DATASET ENTRIES
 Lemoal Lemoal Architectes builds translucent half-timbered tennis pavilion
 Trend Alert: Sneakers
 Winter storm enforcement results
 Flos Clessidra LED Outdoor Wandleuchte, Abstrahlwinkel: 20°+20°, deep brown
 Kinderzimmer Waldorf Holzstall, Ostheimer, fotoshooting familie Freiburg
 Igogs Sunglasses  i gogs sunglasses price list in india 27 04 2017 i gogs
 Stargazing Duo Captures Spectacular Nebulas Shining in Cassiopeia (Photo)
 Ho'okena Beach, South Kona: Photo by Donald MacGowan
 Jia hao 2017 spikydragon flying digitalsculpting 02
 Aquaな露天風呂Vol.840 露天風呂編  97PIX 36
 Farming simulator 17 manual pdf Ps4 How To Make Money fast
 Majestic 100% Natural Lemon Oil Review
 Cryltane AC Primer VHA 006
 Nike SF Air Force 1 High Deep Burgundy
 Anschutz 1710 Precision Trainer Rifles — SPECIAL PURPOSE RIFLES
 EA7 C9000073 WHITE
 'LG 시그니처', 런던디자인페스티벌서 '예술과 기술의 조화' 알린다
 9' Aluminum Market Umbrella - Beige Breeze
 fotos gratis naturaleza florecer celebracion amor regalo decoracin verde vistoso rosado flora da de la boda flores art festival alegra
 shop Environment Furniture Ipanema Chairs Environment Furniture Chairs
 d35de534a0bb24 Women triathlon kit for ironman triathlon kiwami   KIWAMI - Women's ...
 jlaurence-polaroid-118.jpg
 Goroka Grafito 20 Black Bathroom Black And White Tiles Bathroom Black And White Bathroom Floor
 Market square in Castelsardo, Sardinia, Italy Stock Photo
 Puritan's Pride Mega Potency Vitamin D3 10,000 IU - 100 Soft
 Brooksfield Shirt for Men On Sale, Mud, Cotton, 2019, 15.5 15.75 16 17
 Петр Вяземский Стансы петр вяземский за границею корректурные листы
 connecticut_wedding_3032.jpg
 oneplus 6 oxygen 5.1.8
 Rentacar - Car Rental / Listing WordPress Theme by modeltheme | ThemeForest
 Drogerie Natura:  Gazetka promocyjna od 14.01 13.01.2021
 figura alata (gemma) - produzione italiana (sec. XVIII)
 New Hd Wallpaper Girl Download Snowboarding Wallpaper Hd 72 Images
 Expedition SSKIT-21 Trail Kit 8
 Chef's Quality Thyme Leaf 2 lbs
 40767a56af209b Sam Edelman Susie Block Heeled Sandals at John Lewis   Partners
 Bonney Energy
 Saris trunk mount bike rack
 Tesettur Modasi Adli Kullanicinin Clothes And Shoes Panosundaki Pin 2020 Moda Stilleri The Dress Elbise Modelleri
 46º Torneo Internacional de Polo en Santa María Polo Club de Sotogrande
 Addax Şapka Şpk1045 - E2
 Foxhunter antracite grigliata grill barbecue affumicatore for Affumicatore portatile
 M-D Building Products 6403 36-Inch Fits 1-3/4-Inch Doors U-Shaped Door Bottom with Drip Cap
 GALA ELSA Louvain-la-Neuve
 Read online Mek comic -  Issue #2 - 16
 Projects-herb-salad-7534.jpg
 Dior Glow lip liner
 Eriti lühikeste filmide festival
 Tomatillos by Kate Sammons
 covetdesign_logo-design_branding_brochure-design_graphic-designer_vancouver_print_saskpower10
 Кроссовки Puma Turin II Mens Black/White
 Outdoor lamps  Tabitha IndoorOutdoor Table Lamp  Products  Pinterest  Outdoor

WHAT YOU SHOULD DO
Please copy, exactly and with nothing else, the lines above beginning at the line that has "Bonney Energy" and ending with the line that has "Dior Glow lip liner".

TASK ANSWER
 Bonney Energy
 Saris trunk mount bike rack
 Tesettur Modasi Adli Kullanicinin Clothes And Shoes Panosundaki Pin 2020 Moda Stilleri The Dress Elbise Modelleri
 46º Torneo Internacional de Polo en Santa María Polo Club de Sotogrande
 Addax Şapka Şpk1045 - E2
 Foxhunter antracite grigliata grill barbecue affumicatore for Affumicatore portatile
 M-D Building Products 6403 36-Inch Fits 1-3/4-Inch Doors U-Shaped Door Bottom with Drip Cap
 GALA ELSA Louvain-la-Neuve
 Read online Mek comic -  Issue #2 - 16
 Projects-herb-salad-7534.jpg
 Dior Glow lip liner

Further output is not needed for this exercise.